Sie arbeiten mit den unterschiedlichsten Medien. Haben Sie so etwas wie eine bildnerische Lieblingstätigkeit?
– Gerade der Wechsel der Medien interessiert mich. Handgemachtes und Vorgefertigtes, Zwei- und Dreidimensionales, stehende und bewegte Bilder, diese Mischung entspricht meiner Welt.
Das Lunarium könnte man auch als Lichtinstallation bezeichnen. Welche Rolle spielt das Licht in Ihrem Werk?
– Fotos und Videos sind ja bereits Lichtbilder, in der Malerei hat mich die Darstellung von Lichterscheinungen interessiert. Technisches Licht, gemaltes Licht, beides ist Annäherung an etwas, das ungreifbar und wunderbar ist. Mal arbeite ich mit »Mehr Licht!«, mal mit weniger Licht, und manchmal ist weniger mehr, wie beim Lunarium. Es war übrigens nicht einfach, die Leuchtröhren herunterzudimmen, dafür sind sie nicht gemacht.

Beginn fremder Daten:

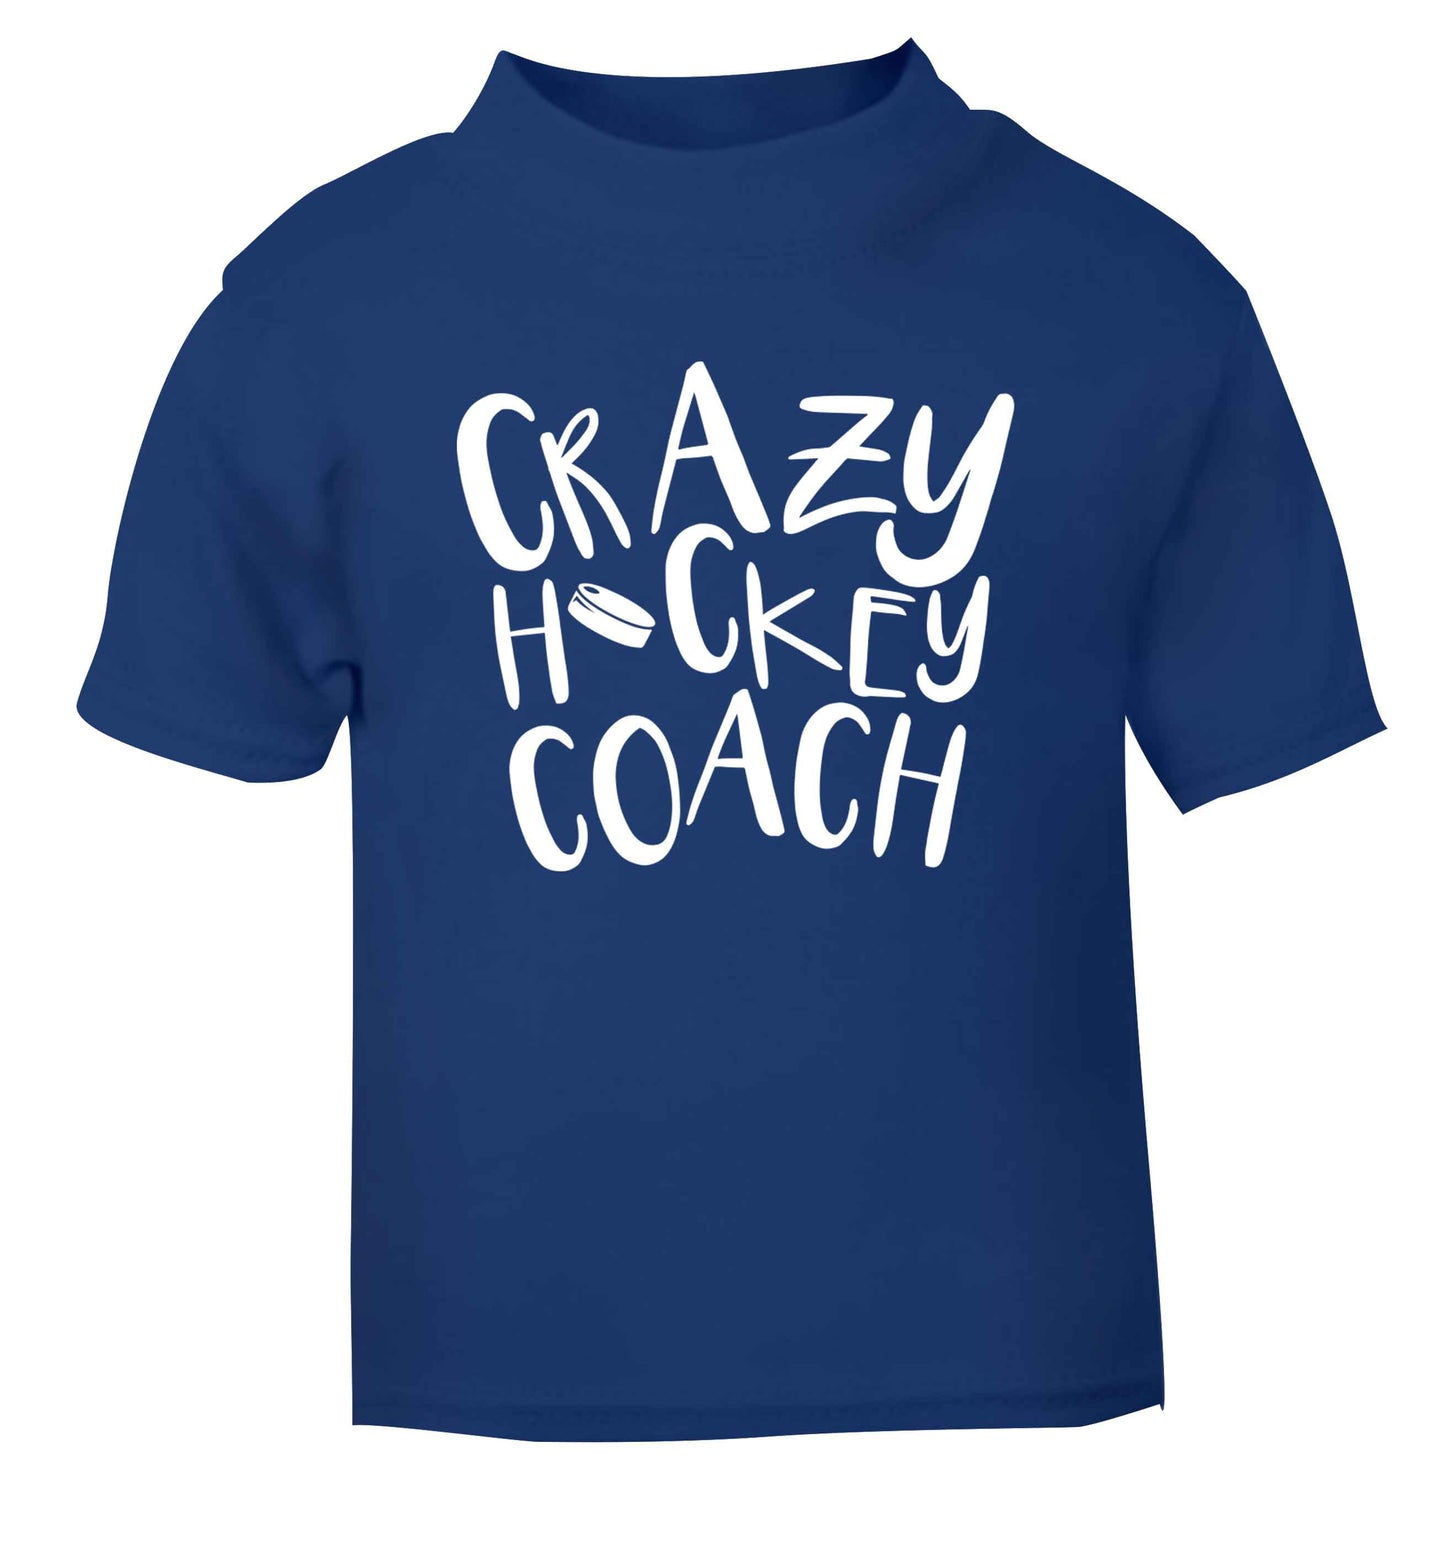 Crazy hockey coach blue Baby Toddler Tshirt 2 Years

Bisher gaben Sie dem Betrachter eher die Möglichkeit, sich aus »sicherer« Distanz mit ihren oft hintergründigen Kommentaren zu gesellschaftlichen Konventionen oder Wahrnehmungsgewohnheiten auseinander zu setzen. Nun ist er direkt zum Teilnehmen aufgefordert, wird Teil des Werks. Hängt das Konzept des Lunariums davon ab, ob oder wie es »benutzt« wird?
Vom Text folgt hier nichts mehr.